Örneğin, bir çalışan, işverenin ırk veya cinsiyet ayrımcılığına maruz kaldığı iddiasında bulunabilir ve bu nedenle eşit davranmama tazminatı talep edebilir. Ancak bu çalışan, ayrımcılığa uğradığı iddiası ile birlikte başka talepleri de olabilir. Bu talepler arasında;
- İşe iade,
- Tazminat,
- Haksız muamele nedeniyle manevi tazminat,
- Mobbing,
- Diğer benzer talepler yer alabilir.
Bu durumda, eşit davranmama tazminatı talebi, kısmi bir dava olarak ele alınabilir ve diğer talepler ayrı bir dava olarak ele alınabilir. Bu, dava sürecinde hakimin, talepleri ayrı ayrı ele almasına ve farklı kararlar vermesine olanak tanır.
Ancak, eşit davranmama tazminatı talebi, işverenin yasalara aykırı davranışlarına dayanarak yapıldığından, talebin ayrı bir dava olarak ele alınması daha az görülen bir durumdur. Eşit davranmama tazminatı diğer taleplerle birlikte dava olarak ele alınır ve tüm talepler tek bir kararda sonuçlandırılır.

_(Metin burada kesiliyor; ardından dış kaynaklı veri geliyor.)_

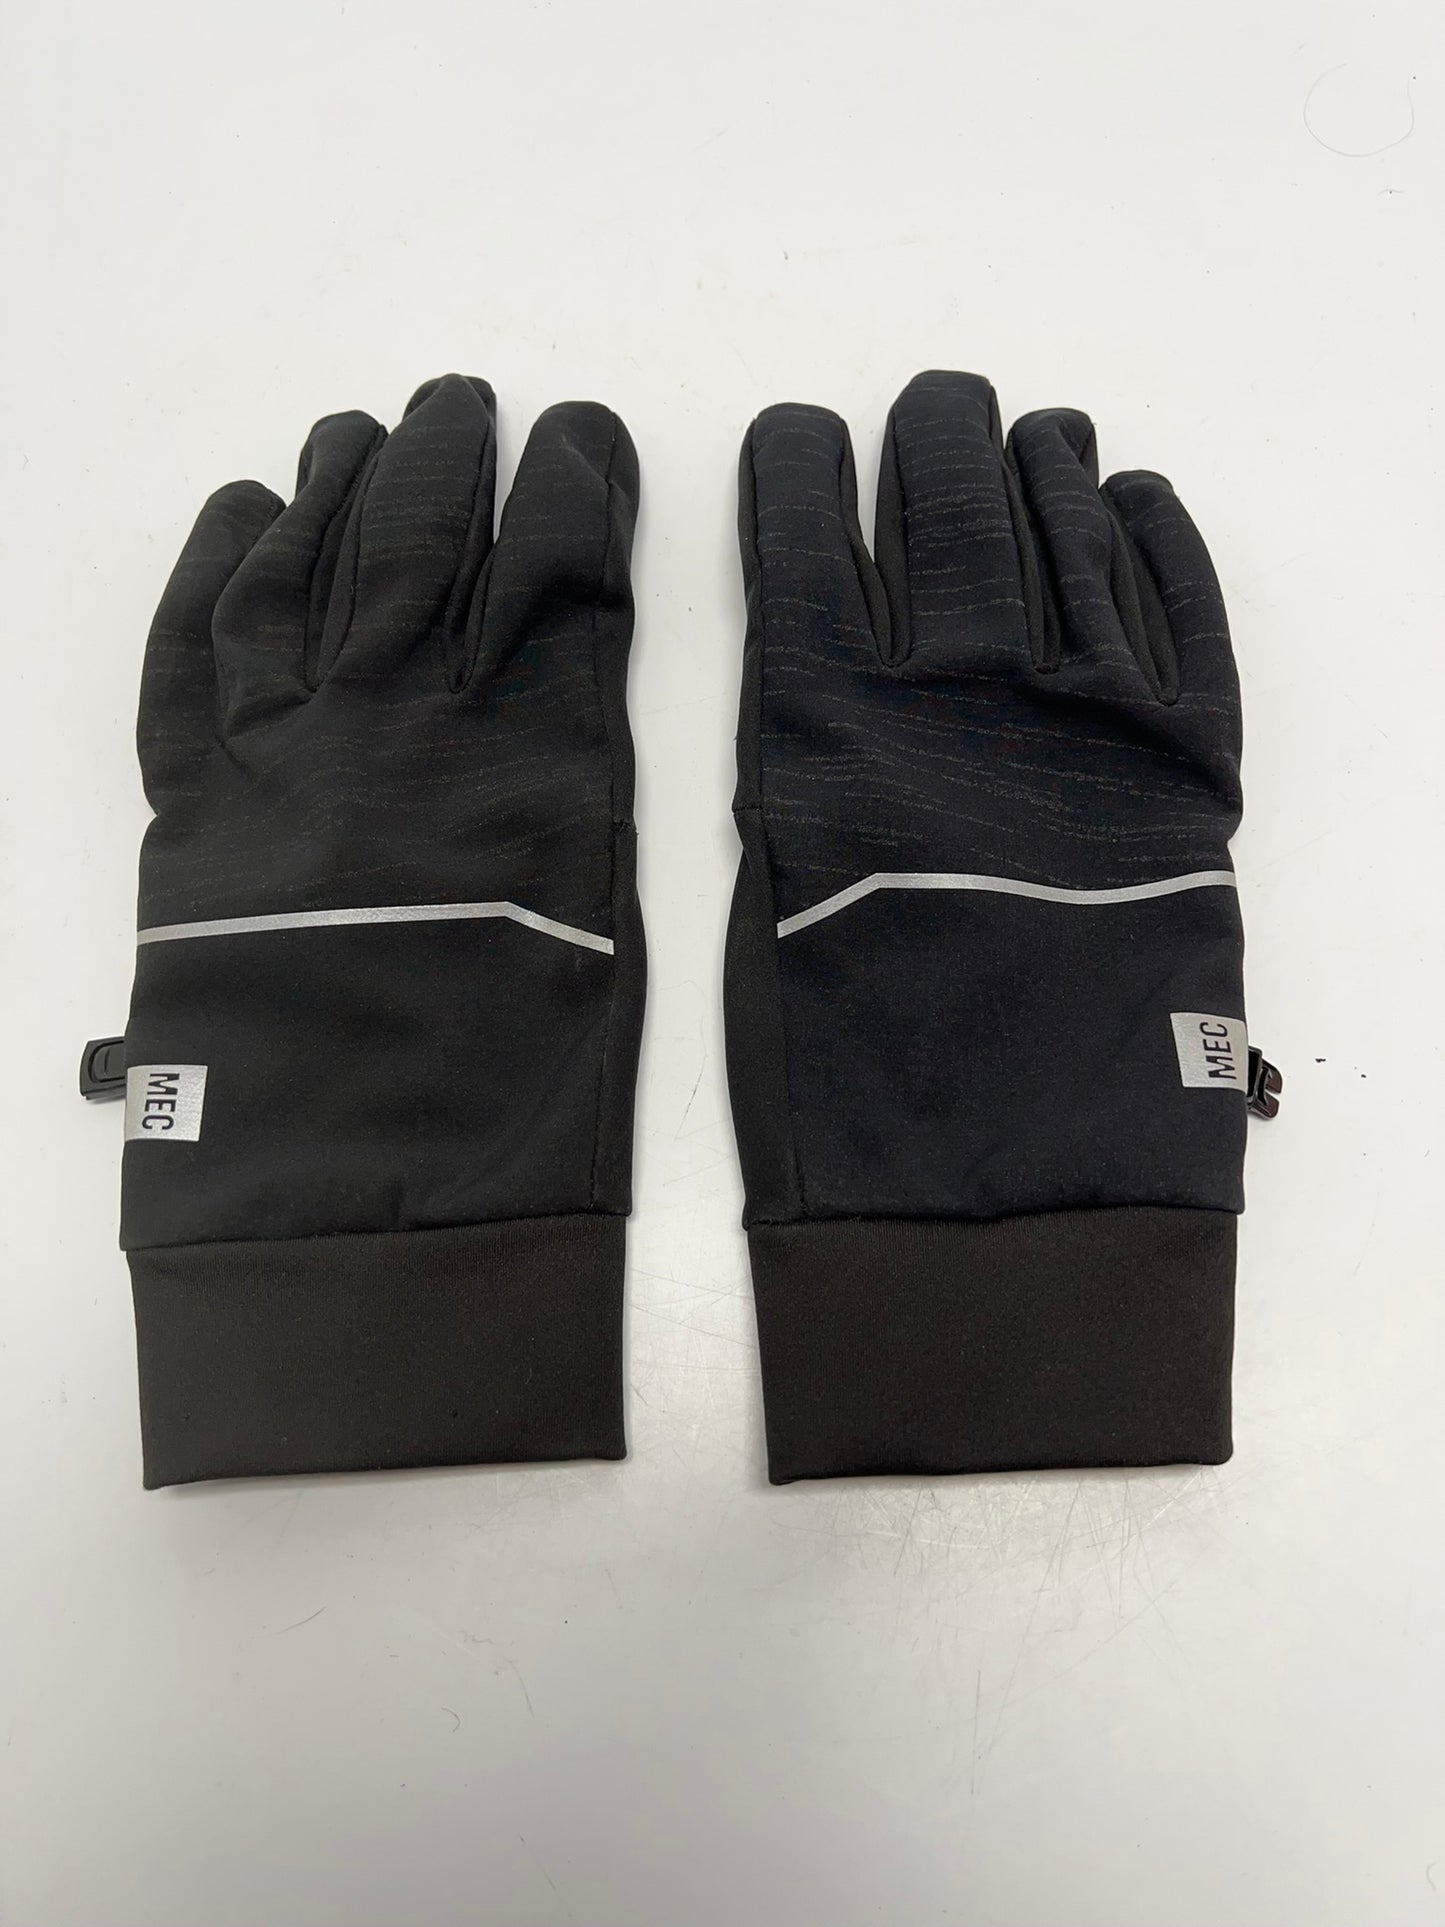 MEC Men's Large Fall Bike Gloves As New

İşverenin Eşit Davranma Yükümlülüğü
İşverenlerin eşit davranma yükümlülüğü, çalışanlar arasında farklı muamele yapmalarına izin vermeyen yasalara dayanmaktadır. İşverenler, çalışanların bu yasalara uygun bir şekilde muamele görmelerini sağlamakla yükümlüdür.
İşverenlerin eşit davranma yükümlülüğü, çalışma hayatındaki her aşamada geçerlidir. İşverenlerin;
- İşe alım,
- İşe yerleştirme,
- Terfi,
- Ücret,
- Eğitim,
- İşe son verme,
- Diğer konularda adil davranmalarını gerektirir.

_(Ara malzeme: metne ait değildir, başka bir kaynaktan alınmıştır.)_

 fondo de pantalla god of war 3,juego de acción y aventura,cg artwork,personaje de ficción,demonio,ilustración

Eşit davranma yükümlülüğü, işverenlerin çalışanlarının haklarını korumak için bir sorumluluk üstlenmeleri anlamına gelir. İşverenler, bu yükümlülüğe uygun davranmazlarsa, çalışanların eşit davranmama tazminatı talebinde bulunmaları durumunda yasal sorunlarla karşı karşıya kalabilirler.
Eşit Davranmama Hakkı
İşveren kendi ırkından veya kendi dilinden olması durumunda veyahut çalışanın cinsiyetine bakarak, siyasi düşüncelerinden yola çıkarak, ayırım yapamaz. Ya da din ve mezhep gibi kavramlarla ayırım yapmak gibi Eşit davranmama hakkı bulunmamaktadır. İşveren, esaslı sebepler bulunmadıkça farklı mesai tanımları (tam zamanlı – yarı zamanlı) bulunan çalışanlarını bir birine tercih edemez. Bu durumun tersi olan vaziyetler içerisine de giremez.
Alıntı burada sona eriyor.